Kaiyne River Woolery (born 11 January 1995) is an English professional footballer who plays as a winger for Super League Greece club Ionikos.

Career

Early years
Woolery was signed by Conference Premier team Tamworth from Isthmian League club Maidstone United in June 2013. He was loaned to Stafford Rangers of the Northern Premier League at the start of the 2013–14 season. He was loaned back to Maidstone in January 2014 for a two-month spell.

Bolton Wanderers
He joined Championship club Bolton Wanderers in August 2014 for a £10,000 fee. He was sent out on loan to League One side Notts County in January 2015.

He made his Bolton debut as a substitute for Adam Le Fondre when Wanderers lost 3–0 to the eventual Champions Bournemouth on 27 April 2015.
On 6 February 2016, Woolery scored his first senior goal for Bolton, a 93rd-minute winner against Rotherham United.

Wigan Athletic
Woolery joined Wigan Athletic on 31 August 2016 and was given the number 18 shirt. He made his debut for the Latics on 3 December 2016, when he came on as a substitute for Max Power in the 86th minute in a 1–0 loss to Derby County.

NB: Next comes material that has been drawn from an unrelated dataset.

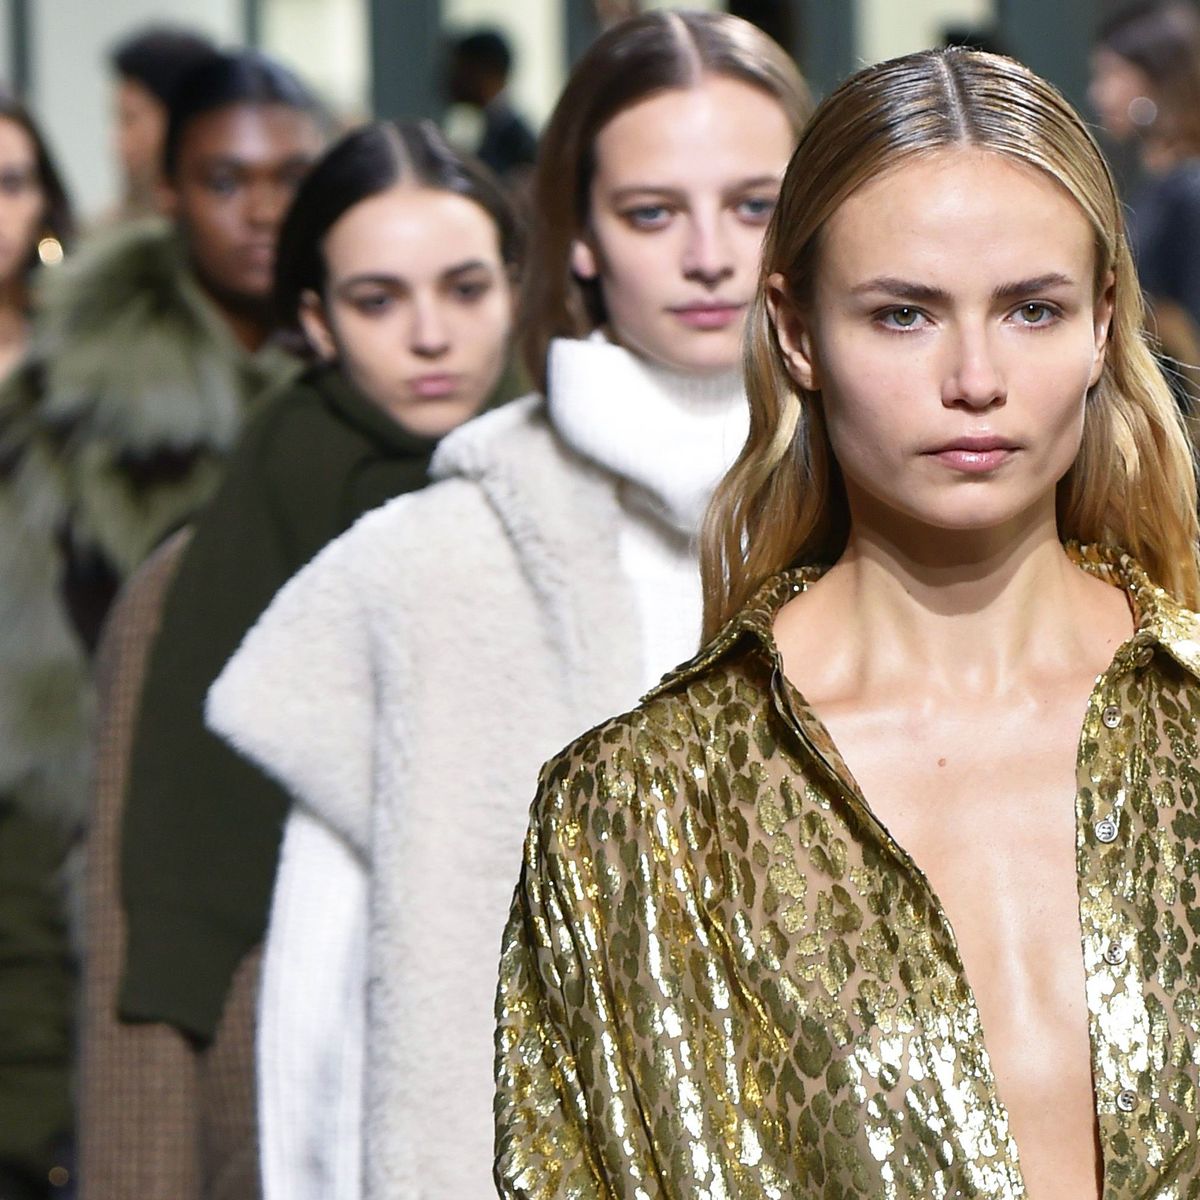 How to Stream Michael Kors' Fall 2019 Runway Show | Marie Claire

On 21 January 2017 it was announced that Woolery had signed for National League side Forest Green Rovers on loan until the end of the season. He made his debut for Forest Green on the same day of his signing, coming on as a substitute for Keanu Marsh-Brown in a 1–1 draw with Braintree Town. Woolery went on to score twice for FGR at Wembley in the 2017 National league play-off final.

Swindon Town
On 7 August 2017, Woolery joined League Two side Swindon Town on a three-year deal for a £350,000 fee.
After coming on as a half-time substitute, he scored an equaliser against Exeter City on his Swindon Town debut at the County Ground on 12 August 2017. After a fairly inconsistent first season for Swindon Town, he got injured in April in a home match against Yeovil Town. This injury ruled him out for the rest of the 2017/18 season and the first 2 months of the 2018/19 season. He made his return on 9 October 2018, coming on as a second half sub in an EFL Trophy group stage match against Plymouth Argyle and scoring within ten minutes.

Tranmere Rovers
On 14 September 2020, Woolery joined League Two side Tranmere Rovers on a free transfer. He scored his first goal for Tranmere in an EFL Trophy tie against Wigan Athletic on 11 November 2020.

Motherwell
On 22 June 2021, Woolery signed for Scottish Premiership side Motherwell on a three-year contract, with the manager Graham Alexander quoted as saying, "Kaiyne is a player I’ve admired for a few years now". On 14 July 2022, Motherwell announced that Woolery had left the club to join TFF First League club Sakaryaspor for an undisclosed fee.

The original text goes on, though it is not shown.